Member of the Chamber of Deputies
- In office 15 May 1949 – 15 May 1965
- Constituency: 4th Departamental Group

Personal details
- Born: 28 September 1915 La Serena, Chile
- Died: 30 April 1997 (aged 81) Santiago, Chile
- Party: Liberal Party
- Spouse: Joyce Goudie Abbott
- Parent(s): Ernesto Peñafiel Varela María Cristina Illanes Torres
- Alma mater: Colegio San Ignacio, Santiago
- Occupation: Farmer

= Juan Peñafiel =

Chilean farmer and politician (1915-1997)

Juan Ernesto Peñafiel Illanes (28 September 1915 – 30 April 1997) was a Chilean farmer and politician, member of the Liberal Party.

== Biography ==
Born in La Serena on 28 September 1915, he was the son of Ernesto Peñafiel Varela and María Cristina Illanes Torres. He completed his early studies at the Seminary of La Serena and later attended the Colegio San Ignacio in Santiago.

He married Joyce Goudie Abbott in 1947. Dedicated to agricultural activities, he managed the family estate “La Calera” located in the Elqui Province.

== Political career ==
A member of the Liberal Party, Peñafiel began his political life as a councilman (regidor) of La Serena between 1947 and 1949. He left municipal office to run for national parliament and was elected Deputy representing the Departmental Grouping of La Serena, Coquimbo, Elqui, Illapel, Combarbalá and Ovalle for the legislative period 1949–1953.

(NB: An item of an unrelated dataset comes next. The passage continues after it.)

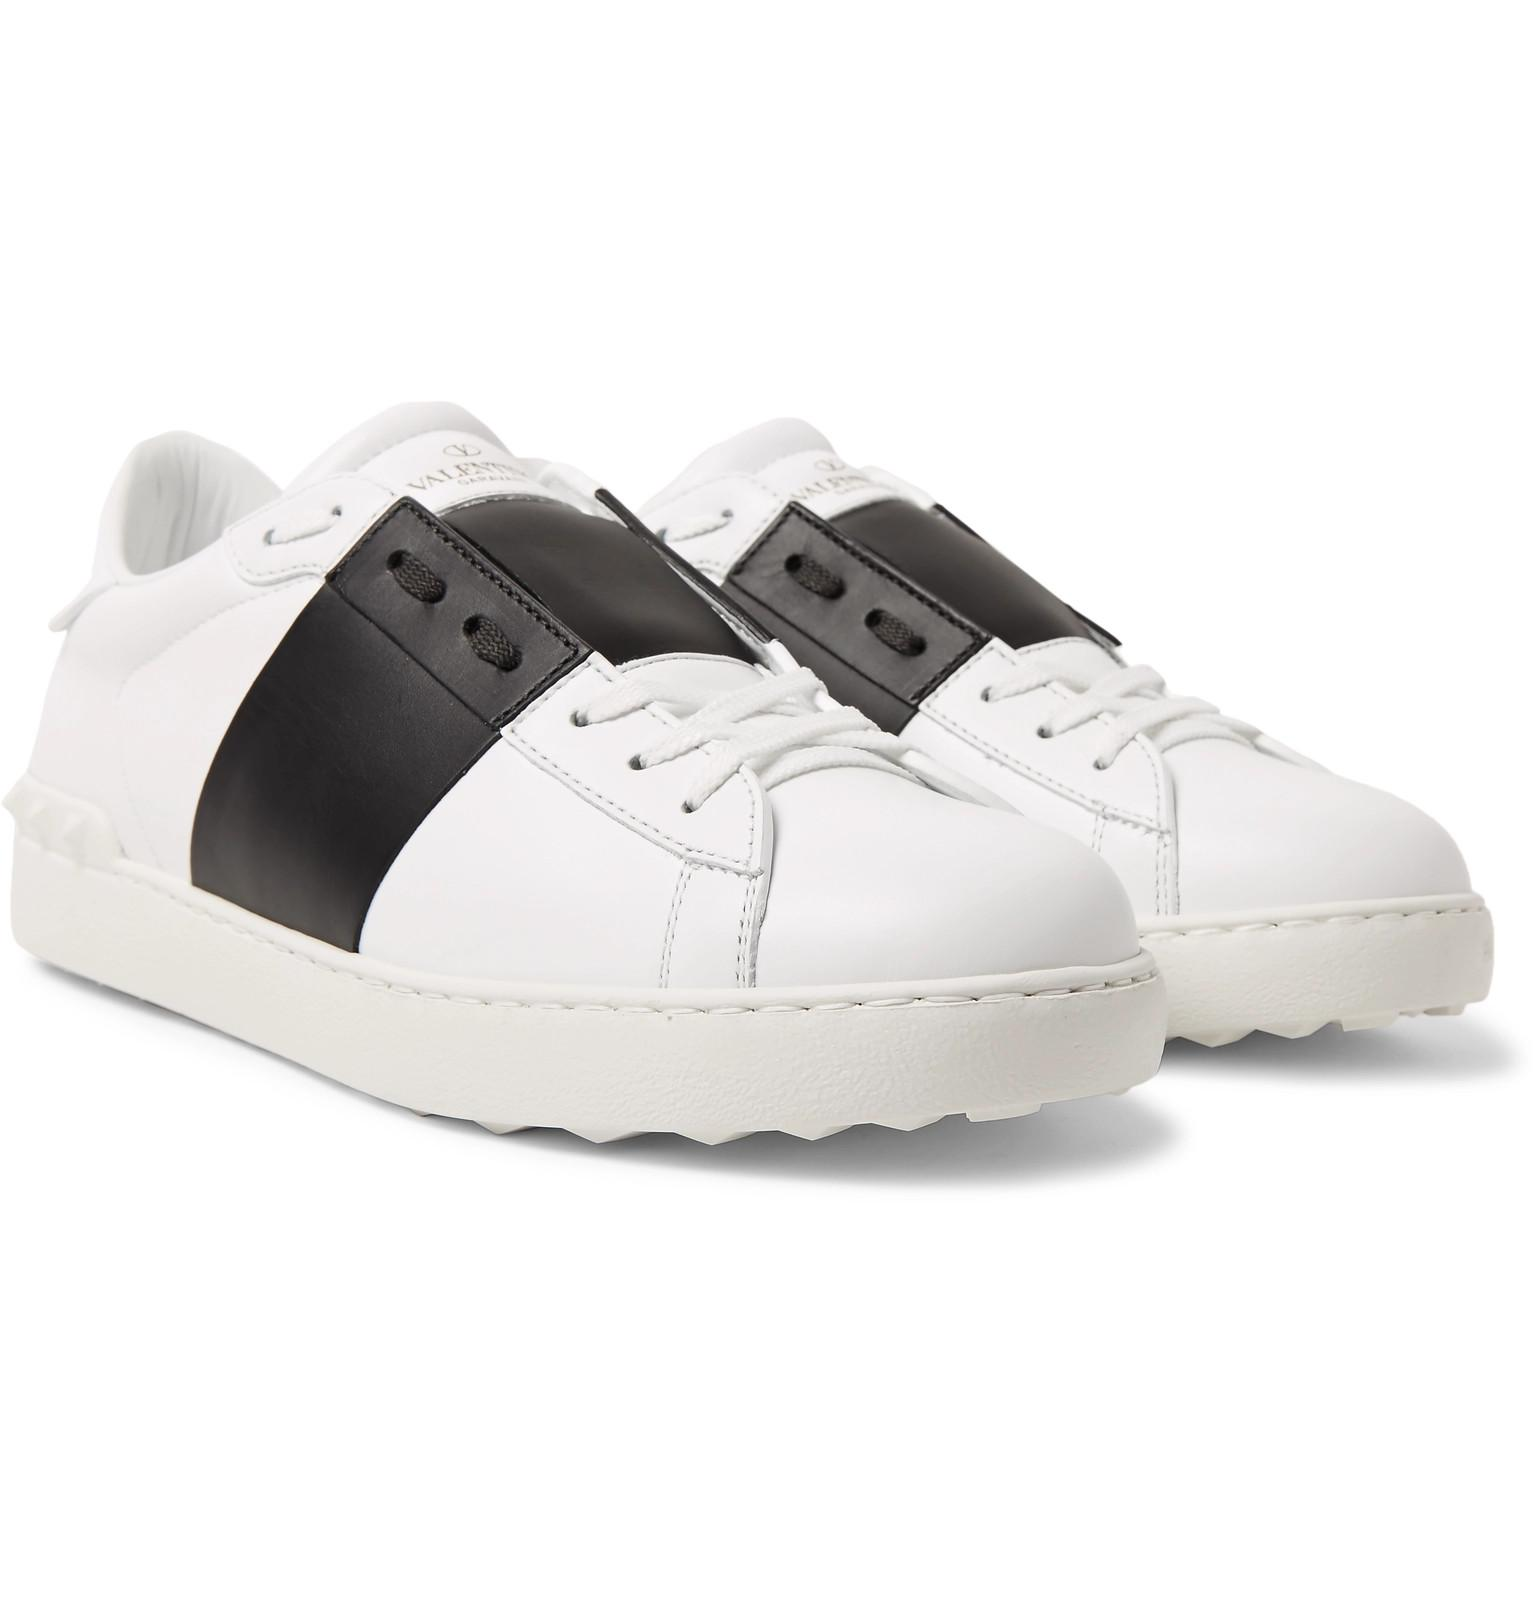 Cuir Rayé Garavani Ouvert Slip-on Chaussures Valentino 5524a0Z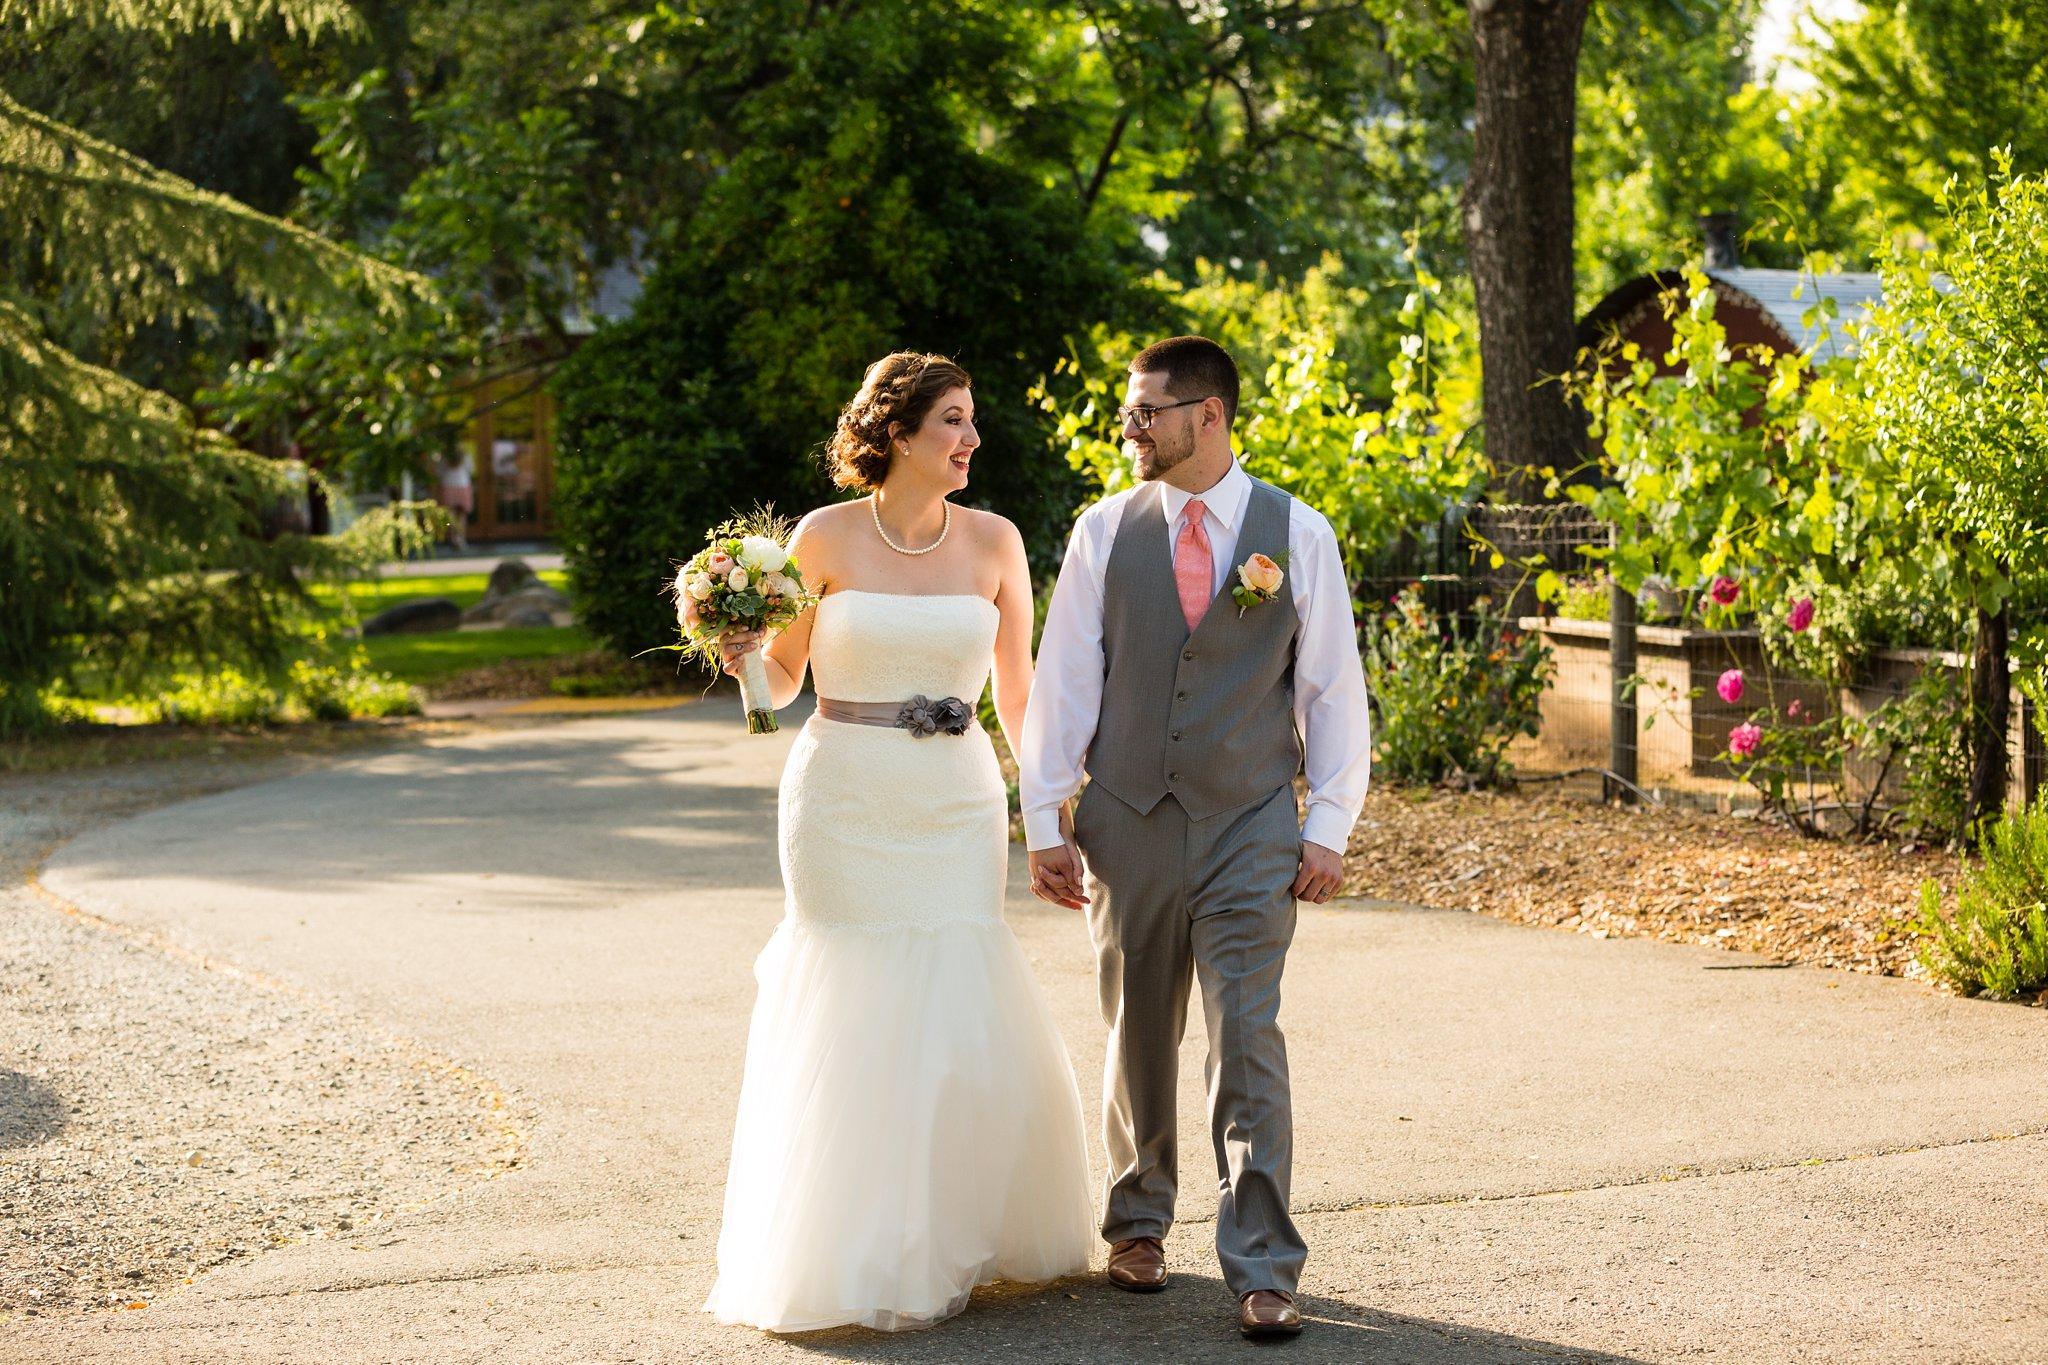 170507_blog_megan_david_wedding_loomis_flower_farm_inn_danielle_alysse_photography_sacramento_photographer0393_WEB.jpg

During his first term, he served on the Permanent Commission of Constitution, Legislation, and Justice. Reelected for three consecutive terms (1953–1957, 1957–1961, and 1961–1965), he participated in commissions related to Economy and Commerce, Public Health and Social Assistance, and Mining and Industry.

In addition to his legislative work, he served as counselor of the State Railways Retirement and Welfare Fund (1957) and later as advisor to LAN Chile (1960). His parliamentary work focused on regional development and infrastructure for the Coquimbo Region.

== Other activities ==
Peñafiel was a civil pilot and member of the Agricultural Society of the North and the Social Club of La Serena. His social life was closely linked to the economic and civic circles of northern Chile. He died in Santiago on 30 April 1997 at the age of 81.

== Bibliography ==
- Diccionario Histórico y Biográfico de Chile, Fernando Castillo Infante (ed.), Editorial Zig-Zag, Santiago, 1996.
- Historia Política de Chile y su Evolución Electoral 1810–1992, Germán Urzúa Valenzuela, Editorial Jurídica de Chile, Santiago, 1992.
- Memoria Parlamentaria 1961–1965, Cámara de Diputados de Chile, Santiago, 1966.